Back to the breakfast story. Since all tables are occupy, I encourage myself to ask one couple to join them at their table as they have two empty spot left. They invited me to sit with them and we start chit chatting while eating.

Fast forward, so the husband is a general manager for a vendor company that handle MAS Cargo airlines and I told him that I am also have safety officer background (way of promoting myself to the stranger 😂)...and to my next surprise is he impress with my what I have and he interested in offering a job to me ( at least to try insyaAllah ) after I give birth and finish my confinement if I'm still interested in finding job.

I was so overwhelmed for having this chances because its quite tough to find a job and I tried so haed yet none seems to come my way. He said he have two empty spot and he can save one for me because its a backup staff spot. No matter what, I already feel so much grateful I don't know how to express it.

His wife also encourage me to try and they both really kind to me. 😢😢

Lastly, they even pay for my food and bid goodbye after gave me business card just in case for contact purpose. I was so touched.

Allah helped me.
What did I do to deserve this 😢
Its not yet a job but an opportunity for job is already consider as huge enough for me.
Alhamdulillah alhamdulillah alhamdulillah.

Thank you Allah.

I don't know what kind of plan He write for me as I still have the part in me wanted to just do 'job at home' so I can watch over my babies but nevertheless, only Allah knows whats best for me.

I will ask Allah ♥

So guys, do pray for me in this matter as well as birthing part. Counting days and clock keep on ticking. Hope I can deliver my twins safely.

Alhamdulillah for everything ya Allah.

Sunday, 9 December 2018

My V1 family, my ambition

Salam ♥

As the day goes by, one by one my friend slowly entering the actual right track on becoming pilot.

I have a group ( we call it V1 clan/gang ) and we have like 7 members in that group including me but I was the only roses among torn. hahhaa.. awww 😘

Actually its more like I'm the mother of 6 naughty son. 😂



  • We used to be ( all of us ) lost in a space of chasing our dream but alhamdulillah after many years ( indeed many years I tell you ) , when the journey and unexplainable tiredness has taking its toll, slowly one by one are stepping into flying school. Glorious, alhamdulillah for them.

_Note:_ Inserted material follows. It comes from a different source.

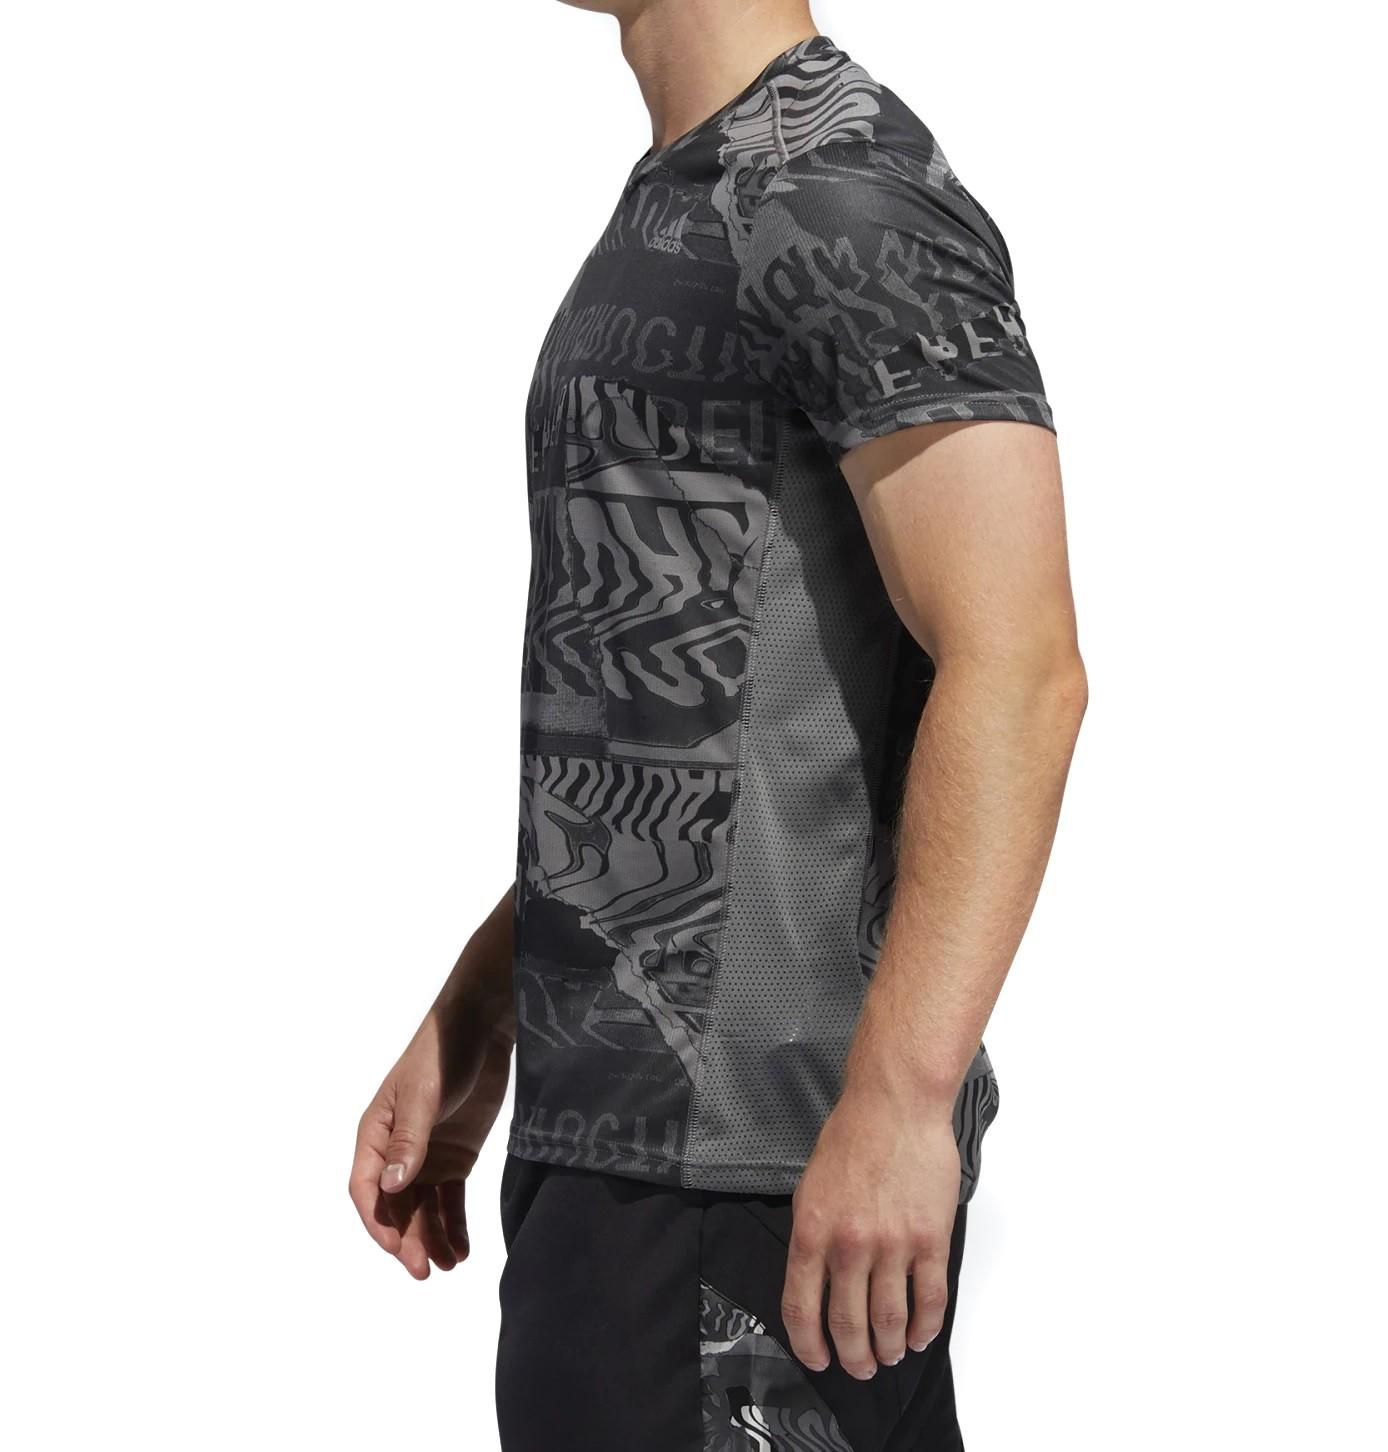 Camiseta Adidas Own The Run Masculina Preto e Cinza

Yep, currently 3 over 7 are running towards it while the rest are cheering using pompom to them and still strugling for our place as well. Of course we will find our way too.. current cost is too expensive I doubt my kidney would cover all expenses 😂

As for me, I kinda have to laid back and slow down a bit as I'm in my final trimester of pregnancy but fear not, the fire in me still the same. Thanks to the boys. Each time one of us felt down, we encourage and get stronger again. It will be an absolute lie to say all of us are in positive and fiery ambition all the time. Sometimes, negative cold of winter almost put the fire in us down. Yep, thats human.


sexy vehicles


How did we know each other?... To be honest we came from different background, place and our age is different except me with Hafiz darat and Remy.  Faris is the youngest brother. Anuar and Hafiz laut is a bit younger than me. Dont ask my age 😂 you know woman hates two question ( age and weight.. lol )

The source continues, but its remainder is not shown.